### Aim of the exercise
All of the data below should be printed again exactly, pictures excluded.

### Collected material
┌──
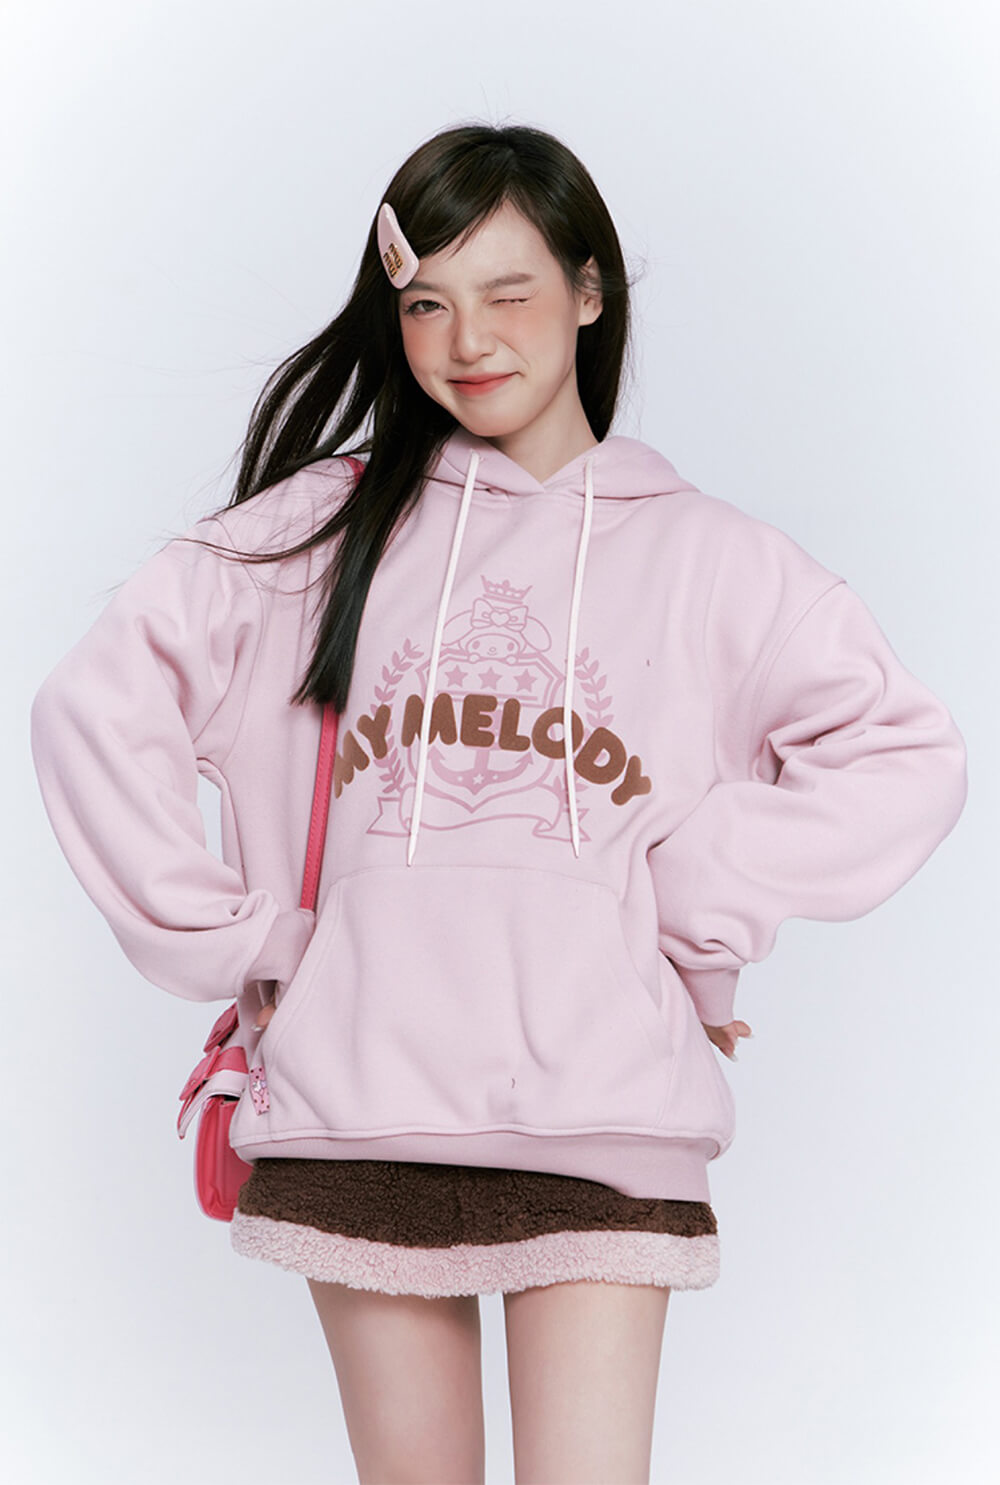 kawaii-cute-my-melody-preppy-look-styled-by-my-melody-pink-hoodie-and-my-melody-mini-skirt
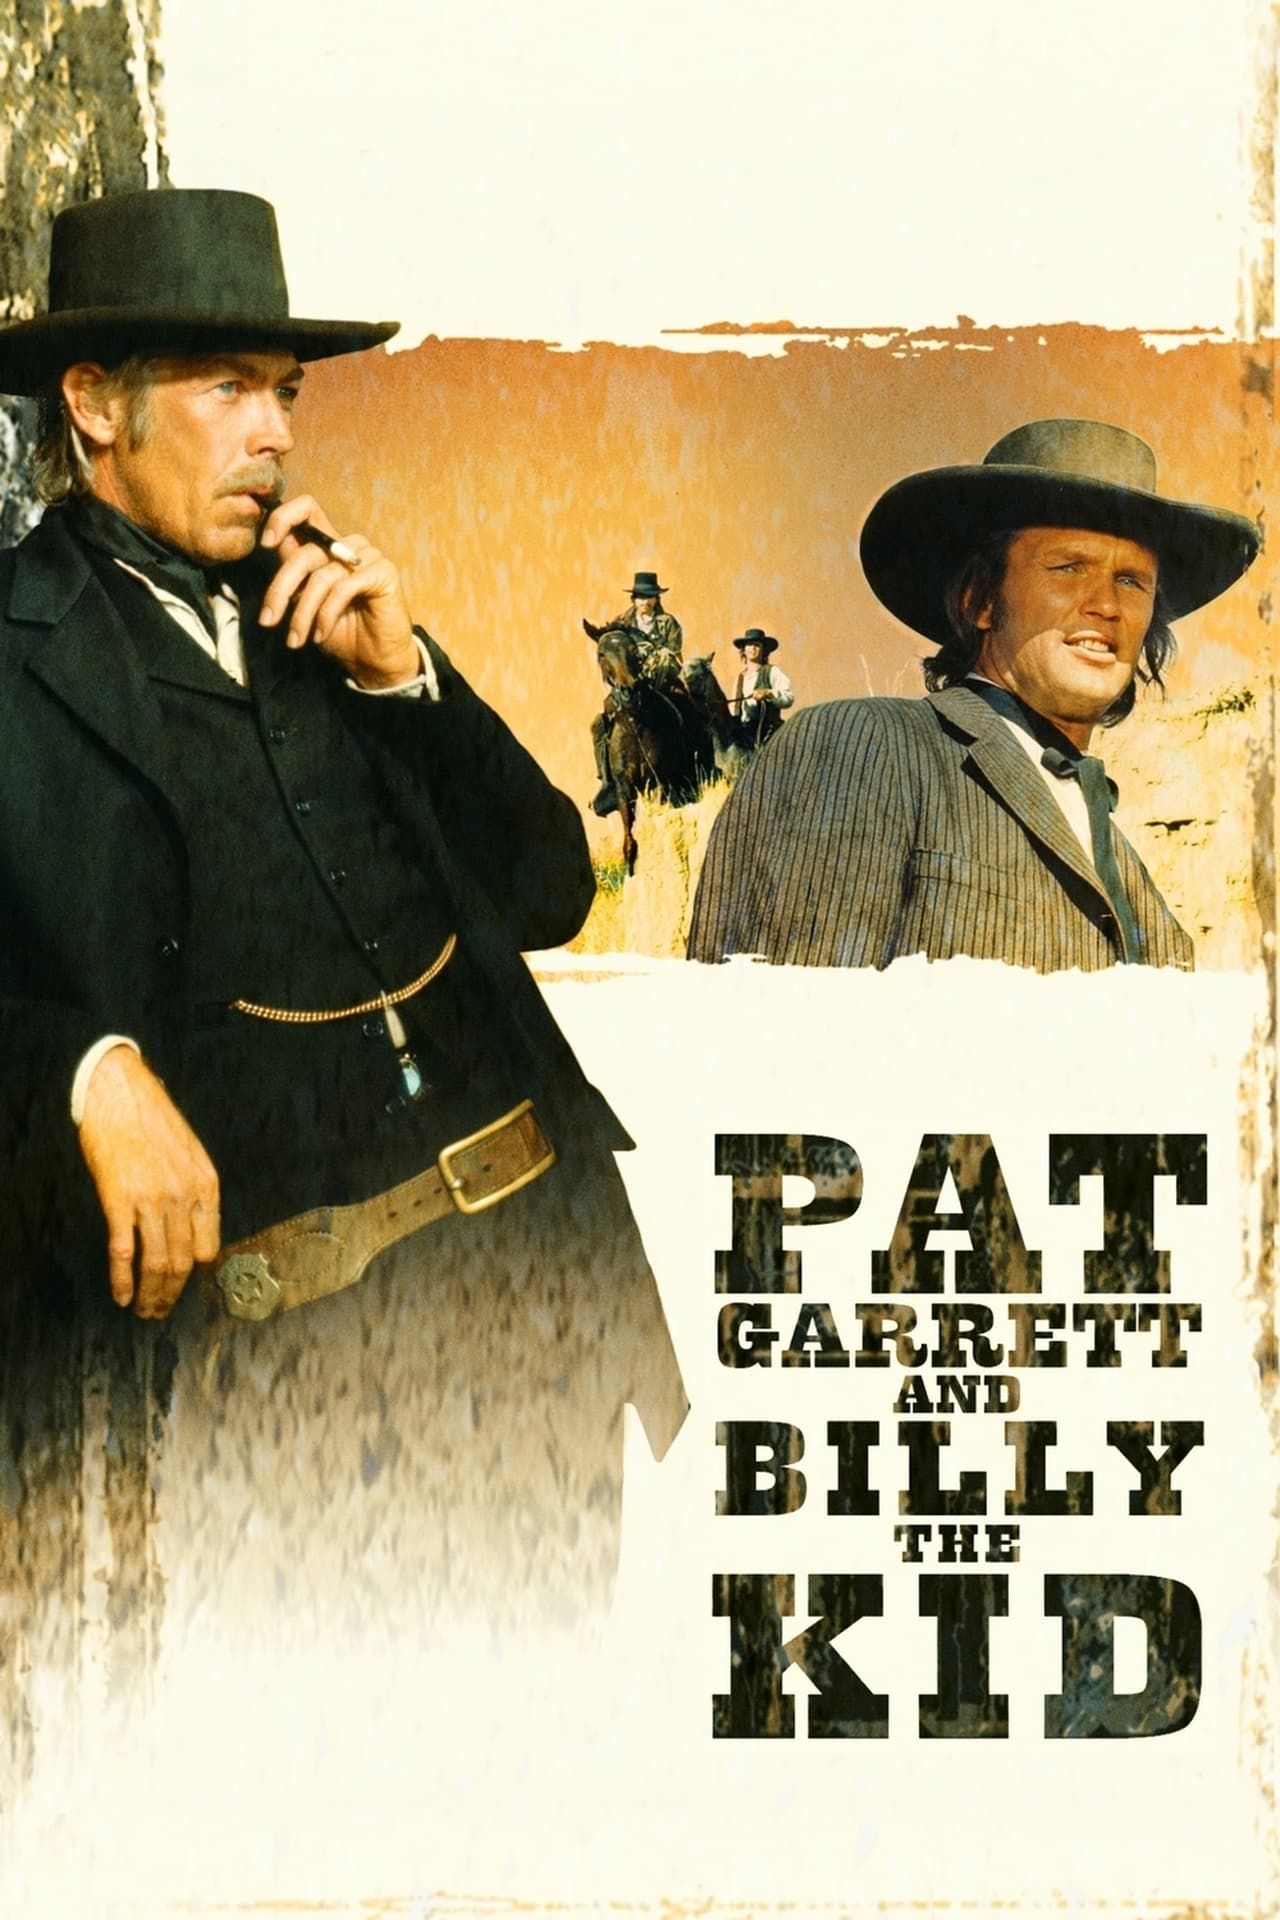 Pat Garrett And Billy The Kid Movie Poster With James Coburn and Richard Jaeckel
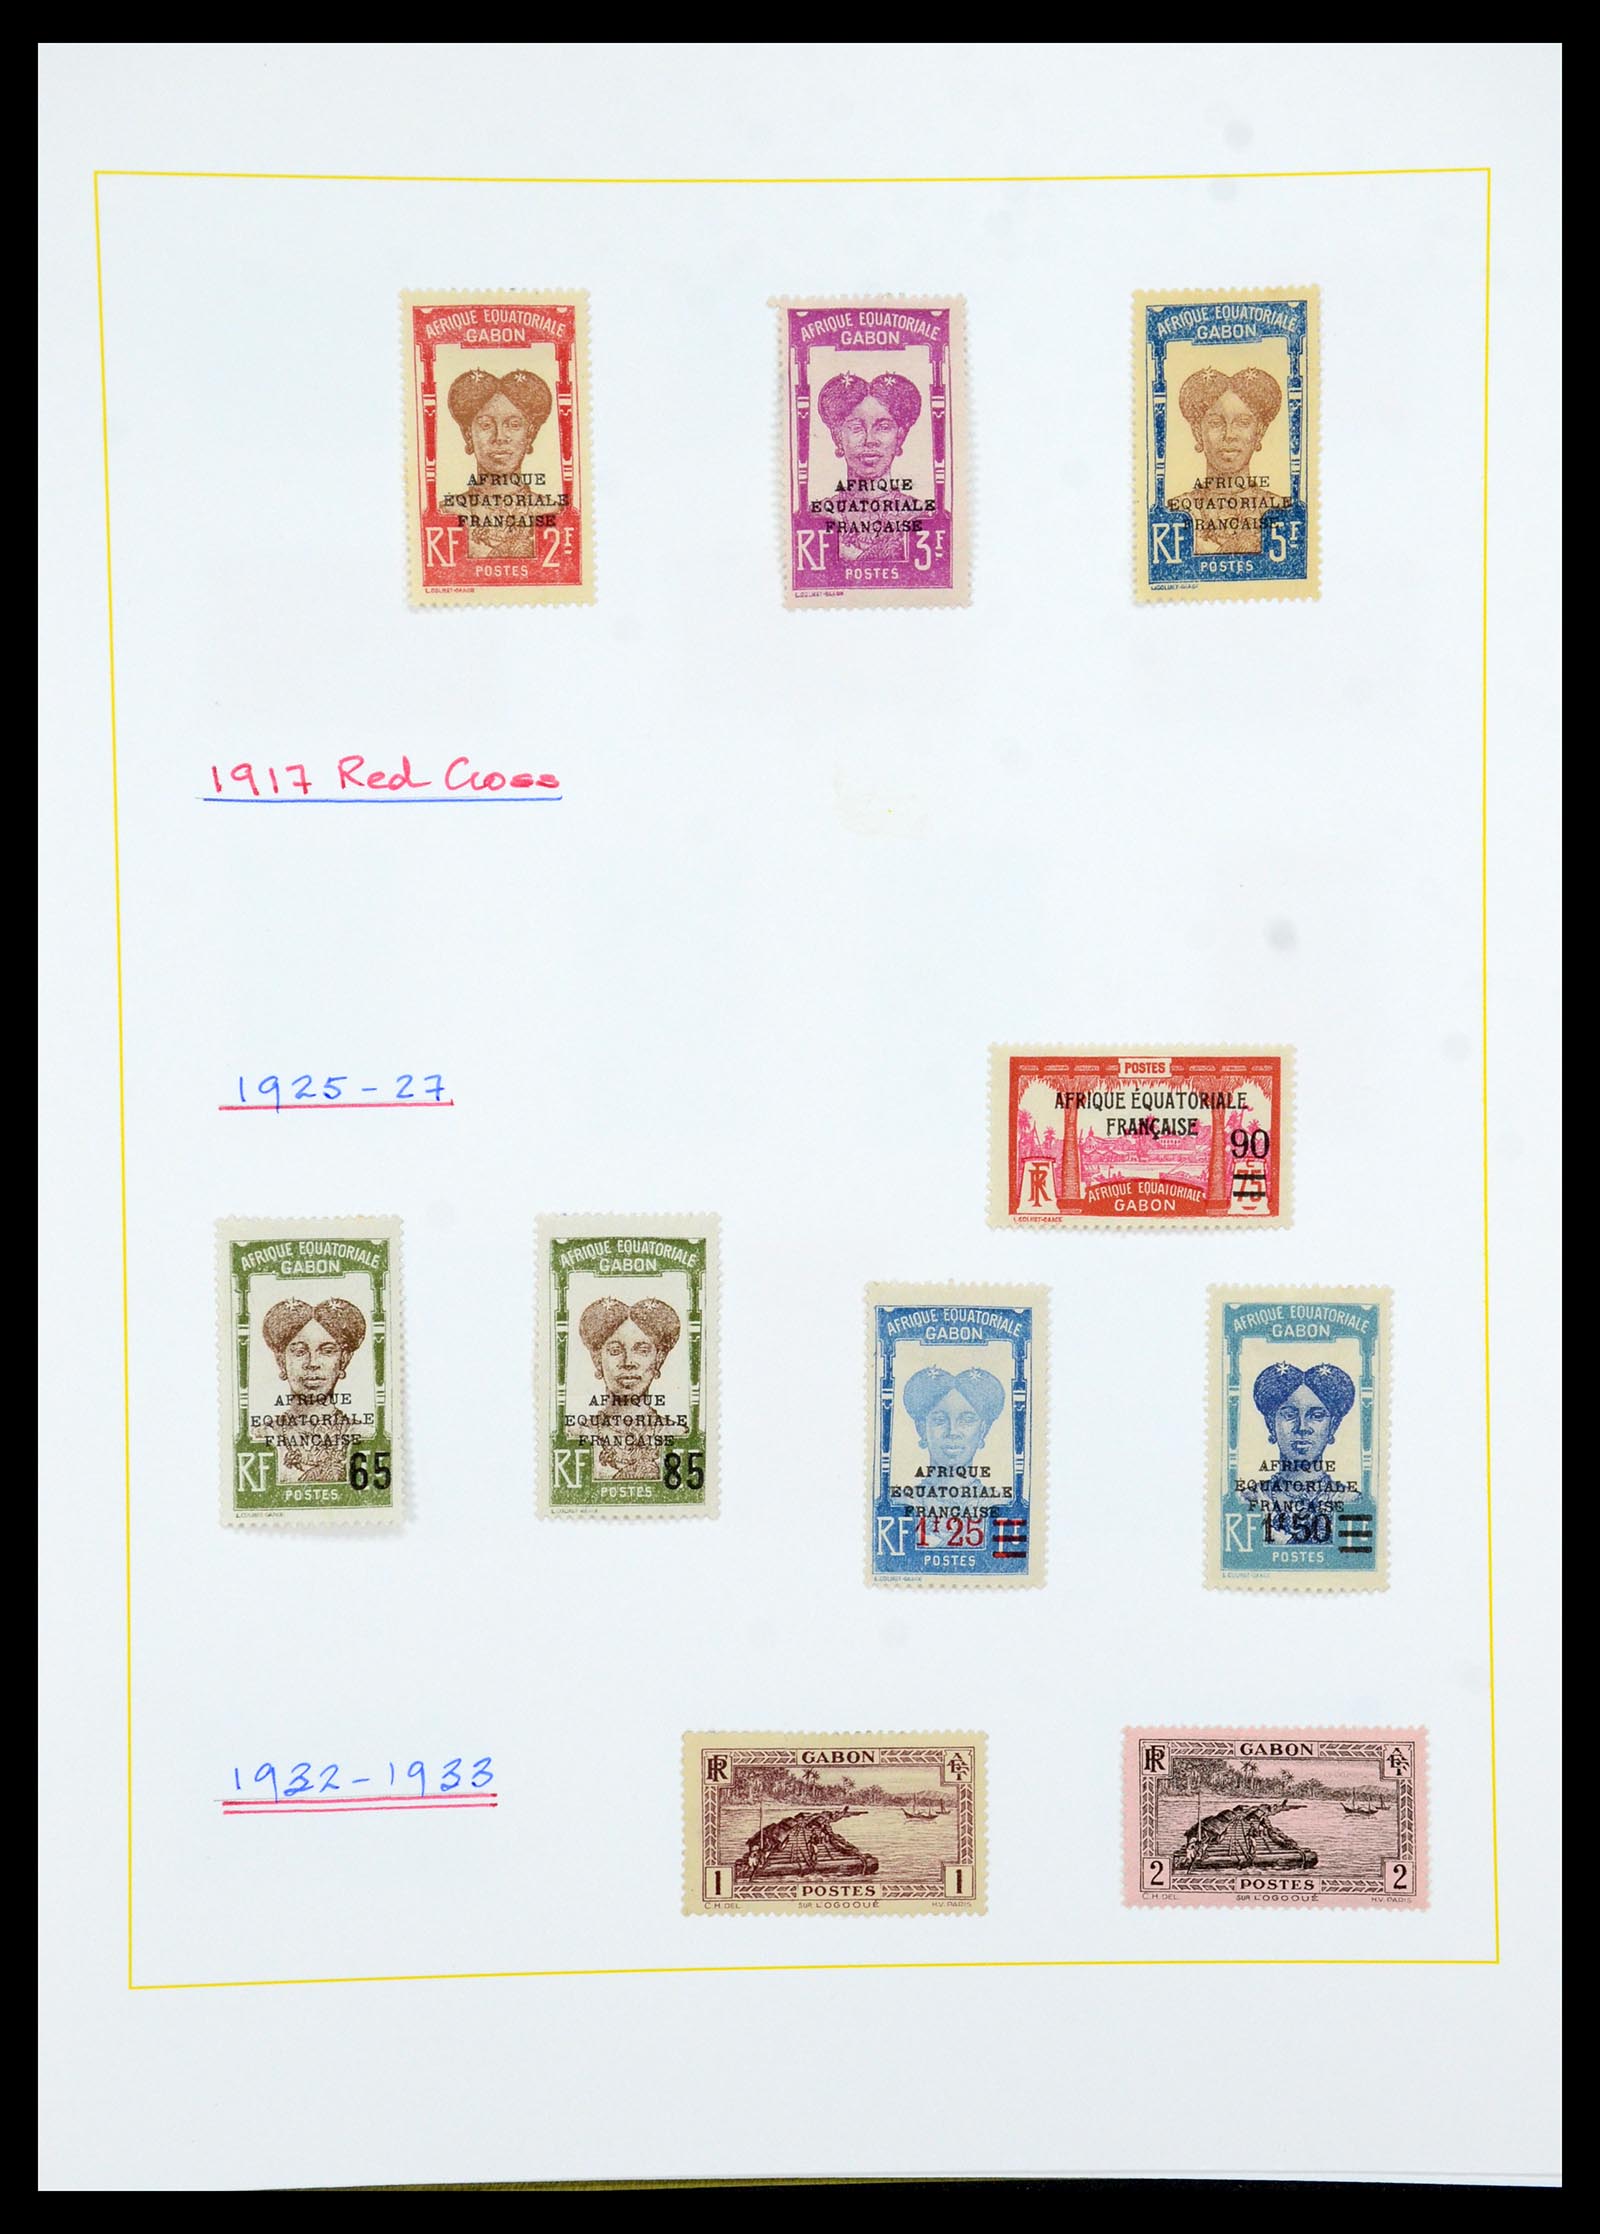 36099 097 - Stamp collection 36099 French coonies 1885-1950.
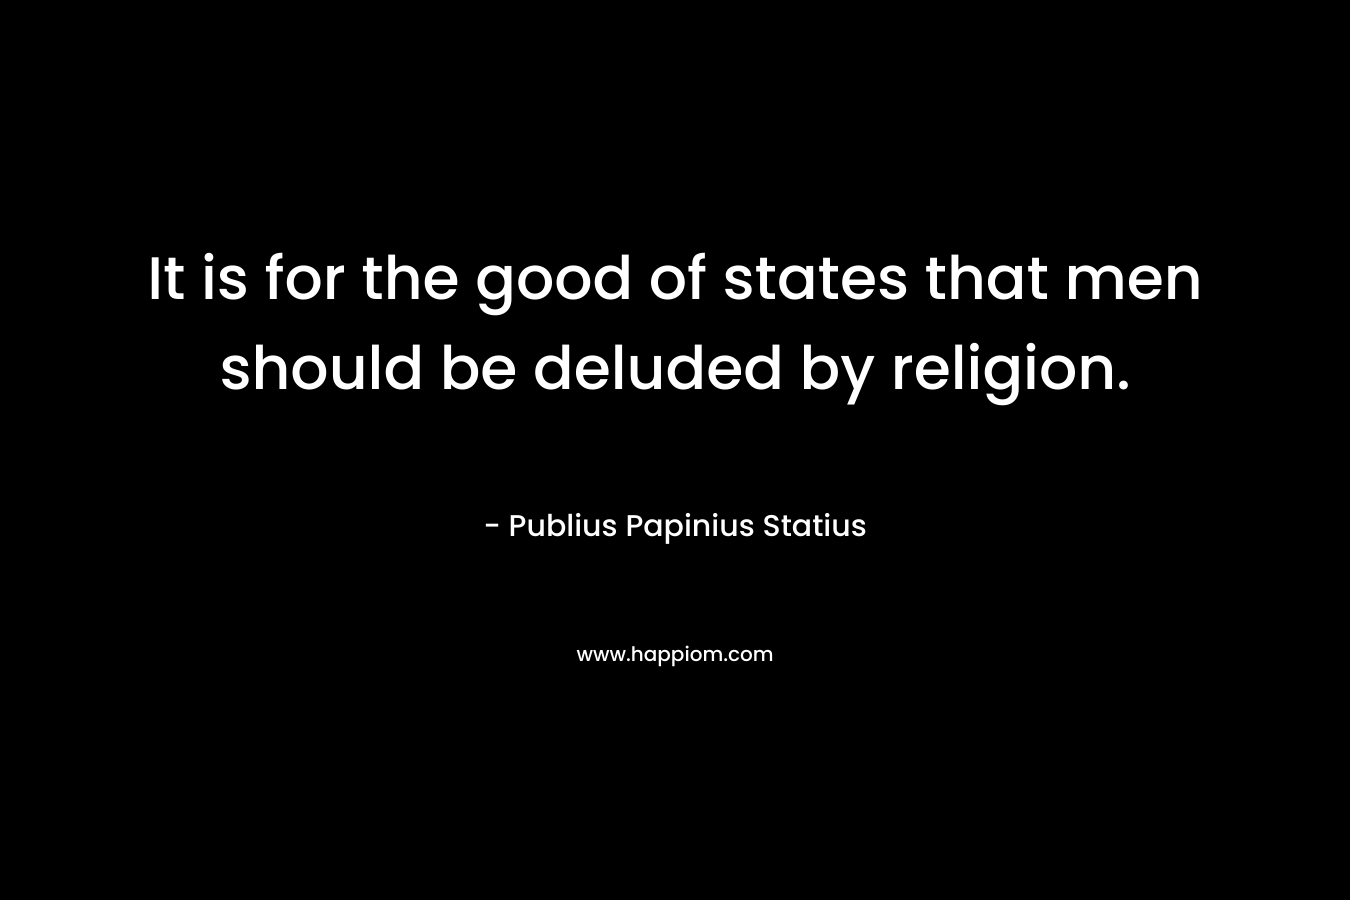 It is for the good of states that men should be deluded by religion.
└──
### Solution for this exercise
 kawaii-cute-my-melody-preppy-look-styled-by-my-melody-pink-hoodie-and-my-melody-mini-skirt
 Pat Garrett And Billy The Kid Movie Poster With James Coburn and Richard Jaeckel
 36099 097 - Stamp collection 36099 French coonies 1885-1950.
 It is for the good of states that men should be deluded by religion.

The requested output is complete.